# Peacocking :)



## Ltleo (Nov 18, 2012)

Figure this is a semi brag. I apologies if it's in the wrong area. 
So I like taking my boy out on walks on crowded side walks with many many distractions to proof his leash and social skills. So today we did a lot of walking in a upscale shopping area after playing at the park across the street.
Easton was doing really well, no pulling leash in my left hand and him walking in pace with me, coming to an auto sit at each stop. So I noticed a few things start to happen,
One, people just kinda get out of your way when your with a male GSD. Then people would just start talking saying to me wow, what a stunning dog you have.
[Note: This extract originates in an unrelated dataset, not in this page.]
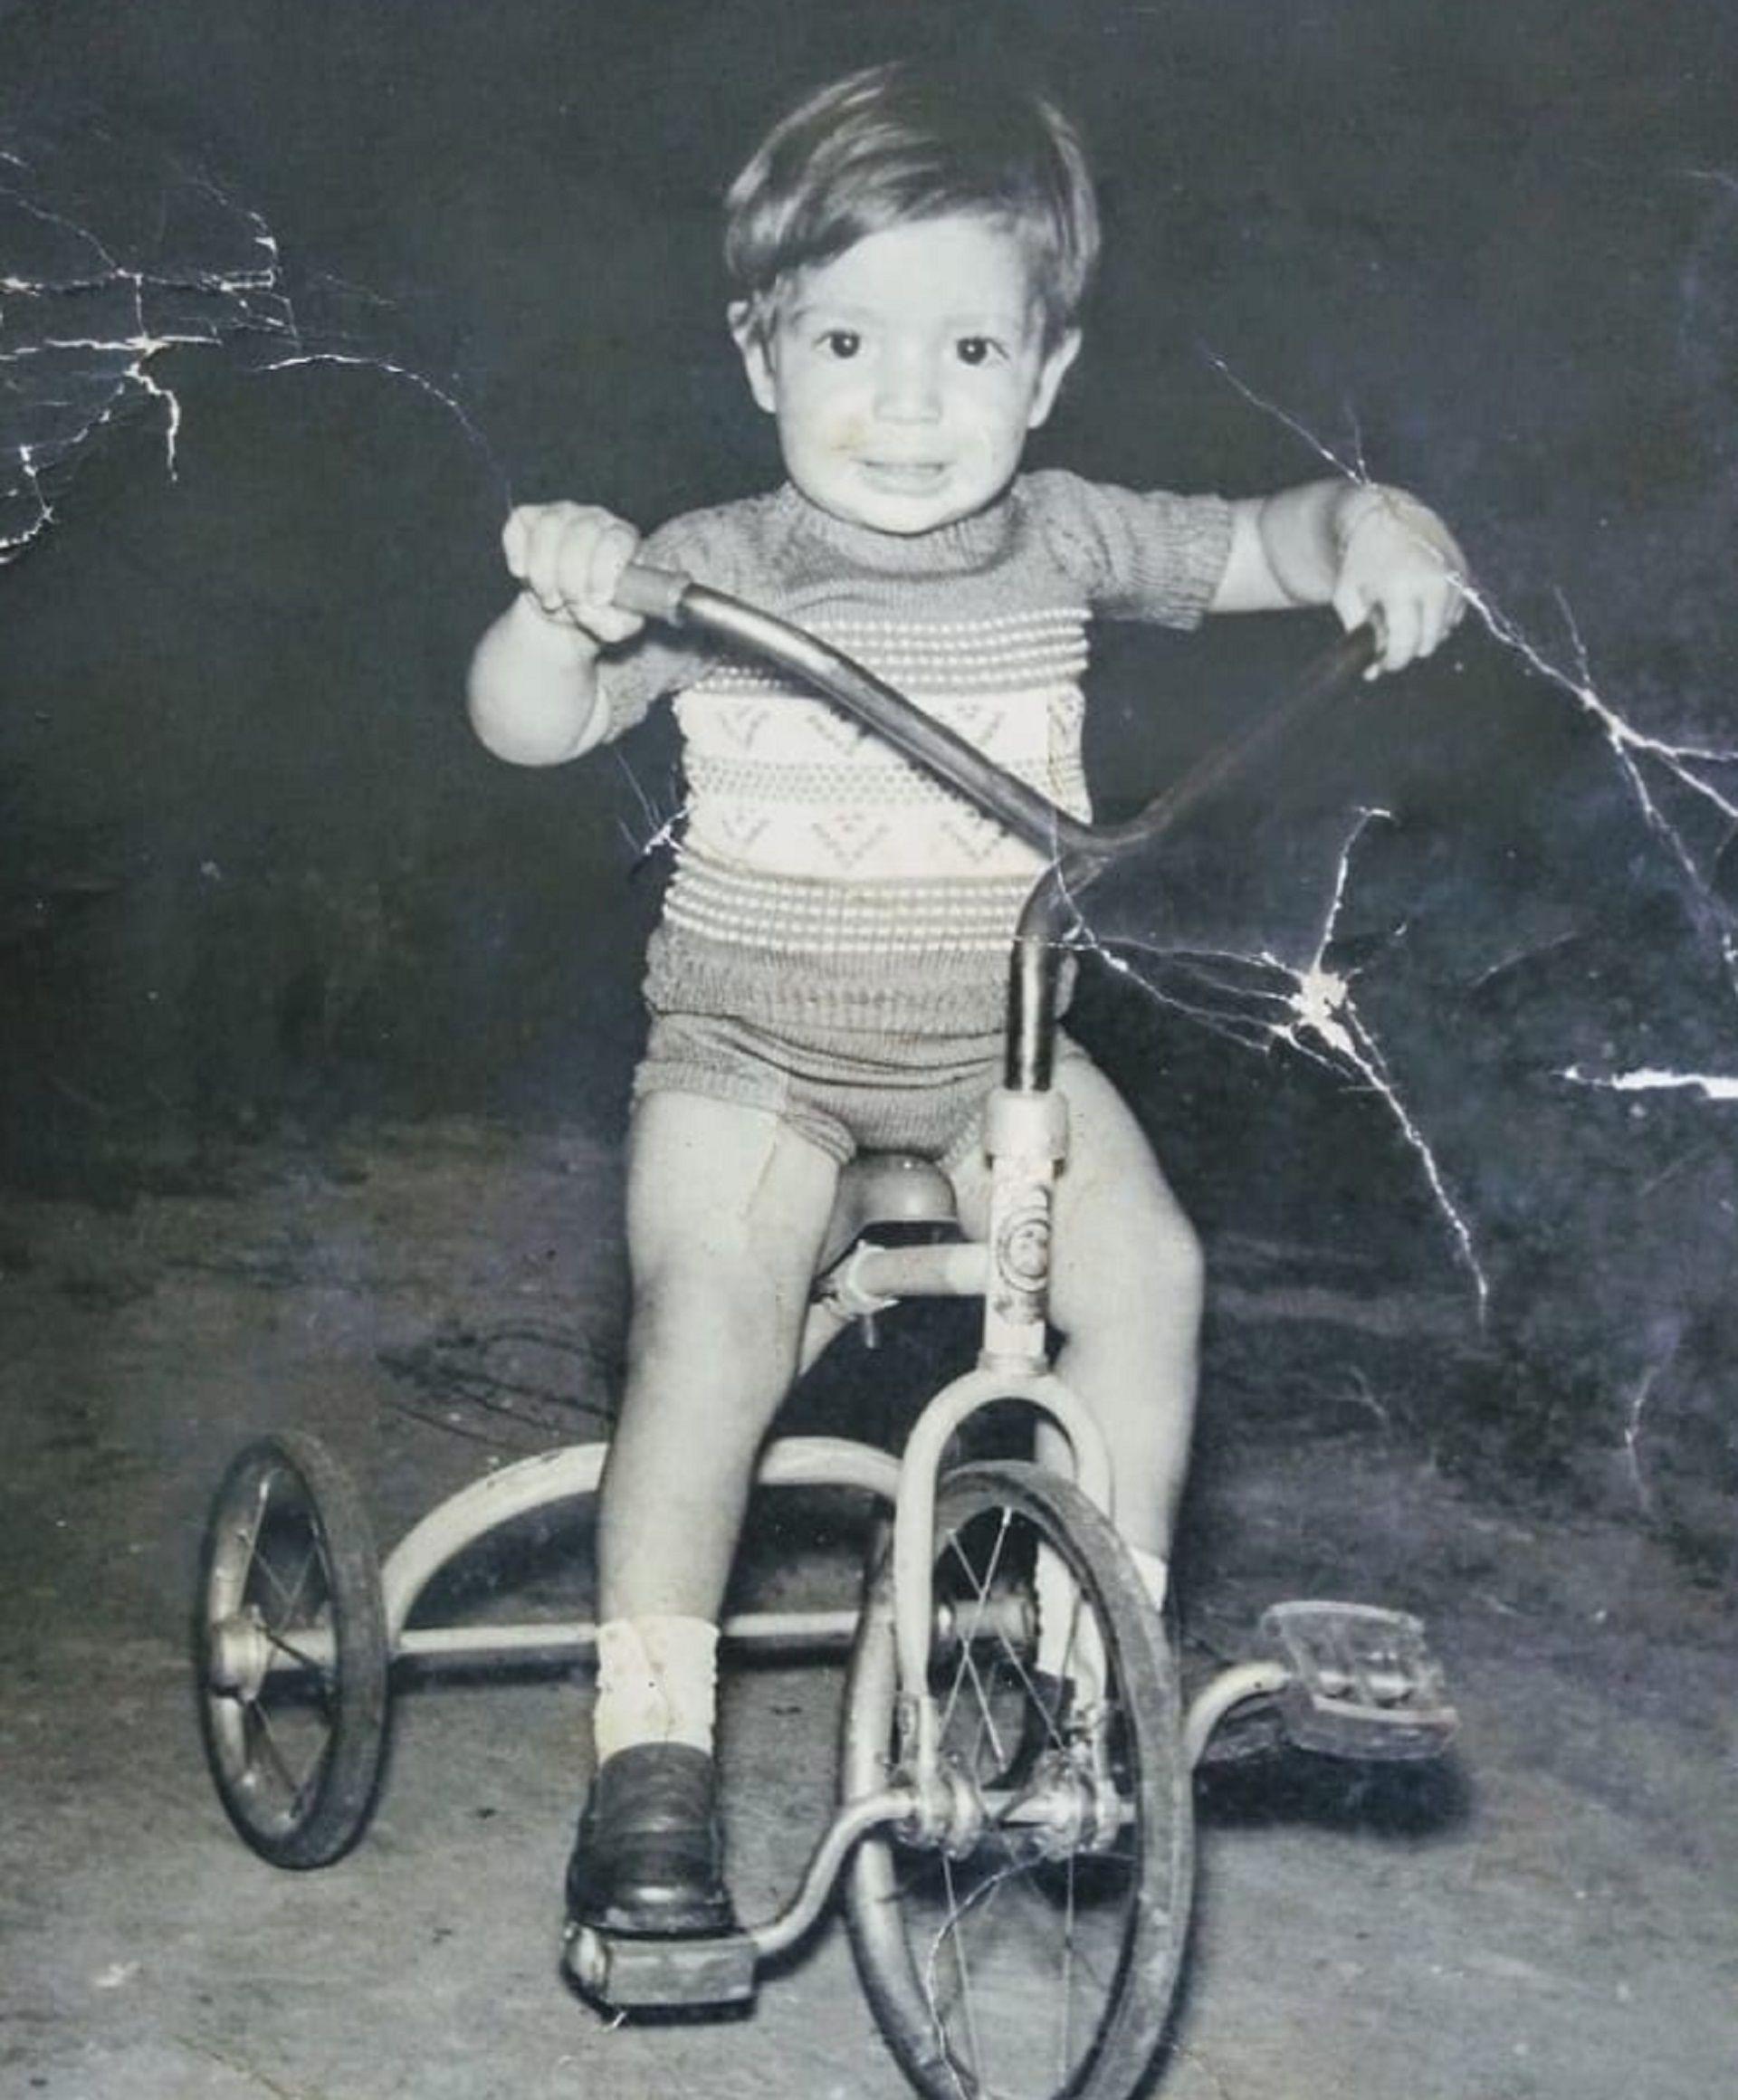 La foto que compartió Lizy Tagliani de su infancia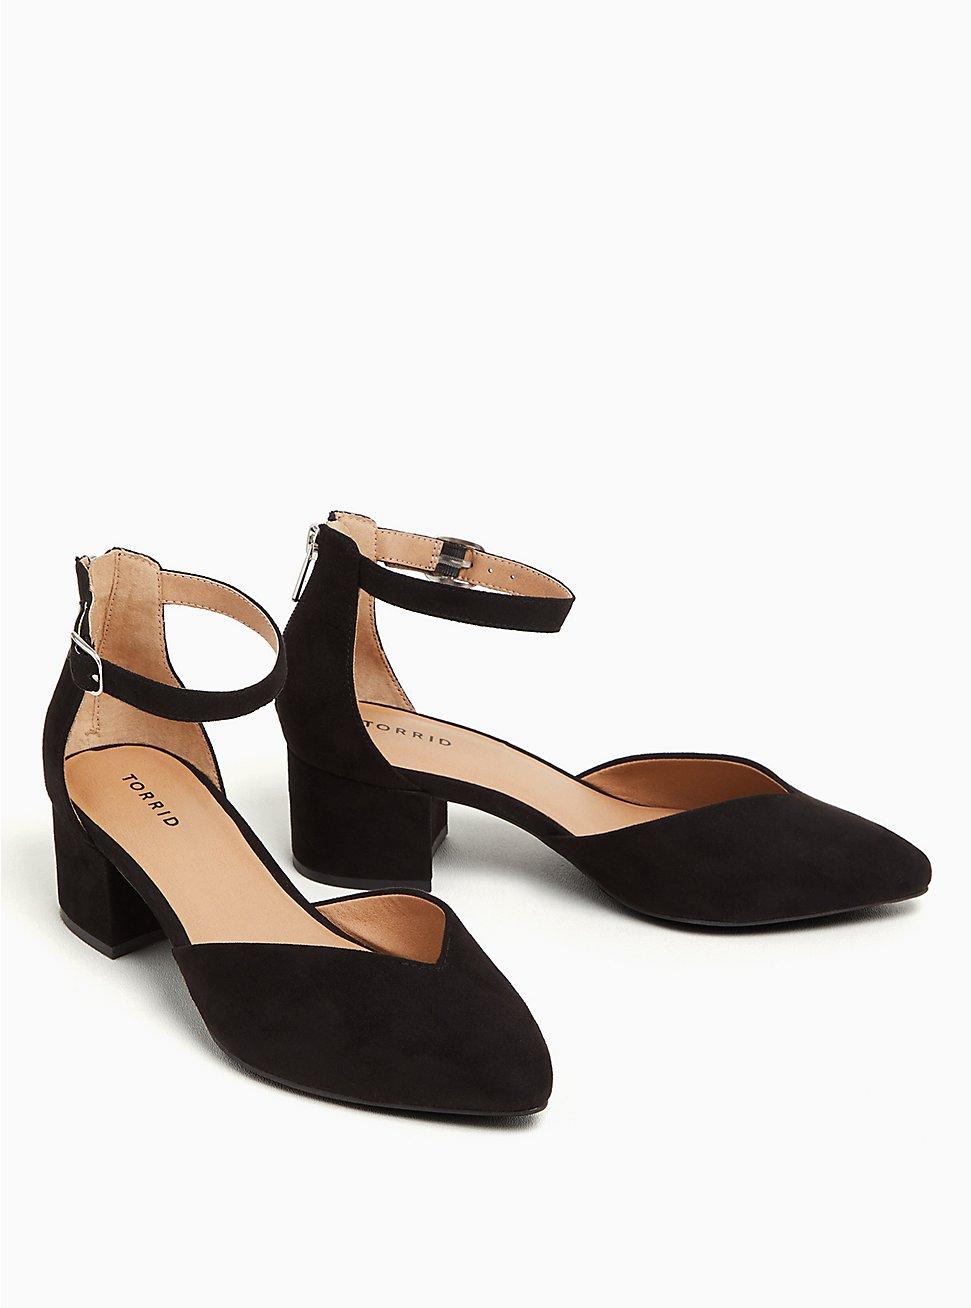 Black Faux Suede V-Cut Pointed Block Heel (WW), BLACK, hi-res

Is that a police dog?? He is so well behaved, and other shepherds they have seen are nasty and or unruly.
I would say thank you, and he is from a working line, that I just train and socialize him. So seemed like every few people I would pass, they would stop me and comment on how nice and gorgeous he was. Now you know I became a really proud daddy at that point, but so thing I noticed also happened....
After the first awwww how beautiful you are, Easton really started to change his walk... It was if staying alive was playing in the background.. And he was in a leather jacket and said.. I feel like strutting lol. He really began to walk really proud and I. No other word... Peacock lol... Is swore, he knew people were talking about him, and he was like... Yeah, that's right, I'm a stud man and put on a show.. Not to mention he did amazing with ignoring all distractions from crowded around him at cross walks, sirens going off, strollers and kids yelling. He was calm and cool...
I was sooo proud of him, because it was great that he for one really enjoyed it, but also, that the work that we both put in to OUR training has really started to shine.
Sorry if this is not a good brag story, but just wanted to share and ask if anyone's else notice their boys or girls enjoying the spot light?


----------



## volcano (Jan 14, 2013)

Lmao, when apache snaps to she does a very confident walk as well. Dont go by others low standards though, keep training him.


----------



## Ltleo (Nov 18, 2012)

I definitely will.its fun for both of us. Plus I just love that look in his eyes when he knows he is showing off understanding what I'm asking him to do. As well as the more we work, I also LEARN from him and it allows me to understand his feelings and needs.
I get a kick out of him figuring things out and showing his own personality.


----------



## doggiedad (Dec 2, 2007)

when your dog is doing what you say about them it's not bragging.
i think a dog knows when they're being talked about. i also think
when a few people passing comment on how well behaved they
are or want to pet them the dog senses something good and that
might make them put "a little pep in the step". you should each
your dog "other side". when someone is approaching you you "say
other side" and your dog switches sides so now he's not next to the
person passing. "other side" serves a purpose but it's also a great show 
off move.


----------



## Sarah~ (Apr 30, 2012)

Good dog! Eko always knows when people are talking about him, he gets very excited


----------



## Ltleo (Nov 18, 2012)

So the switch side move, are you putting leash on your right side? When I walk Easton I. Crowds he is always on my left side, not in front. Also he will either be on the outside closest to street, and people pass on my side or he will be on the wall side depending which direction we are walking. Though he is always on my left and I always act as the buffer between people. 
Though at corners people stand around him, I can't tell people to back off, as it's my job to have him social.
Though the switch sides move would be a nice move to work on via command as it could be a nice foundation. Did you teach with markers for that move?


----------



## Kayos and Havoc (Oct 17, 2002)

Too funny!!! Sounds like he is a good boy.


----------



## Ltleo (Nov 18, 2012)

I have to say yes he is. He is at that 12 month old stage and you know how that is, but I can't complain. He now likes to nudge me with his snout, or sit in front of me and keep tapping me with his front paw to play lol. The best is he likes to rub his whole head under my chin and get on my lap then roll over on his back when I'm on the couch. He tries to be genial but he is just a bruit and has these heavy legs and head. Lol Males so needy and stubborn at the same time, you just gotta laugh


----------



## Nikitta (Nov 10, 2011)

Sounds like a cool boy Jasira, my 2 year old female, wants to know if he has an e-mail address.


----------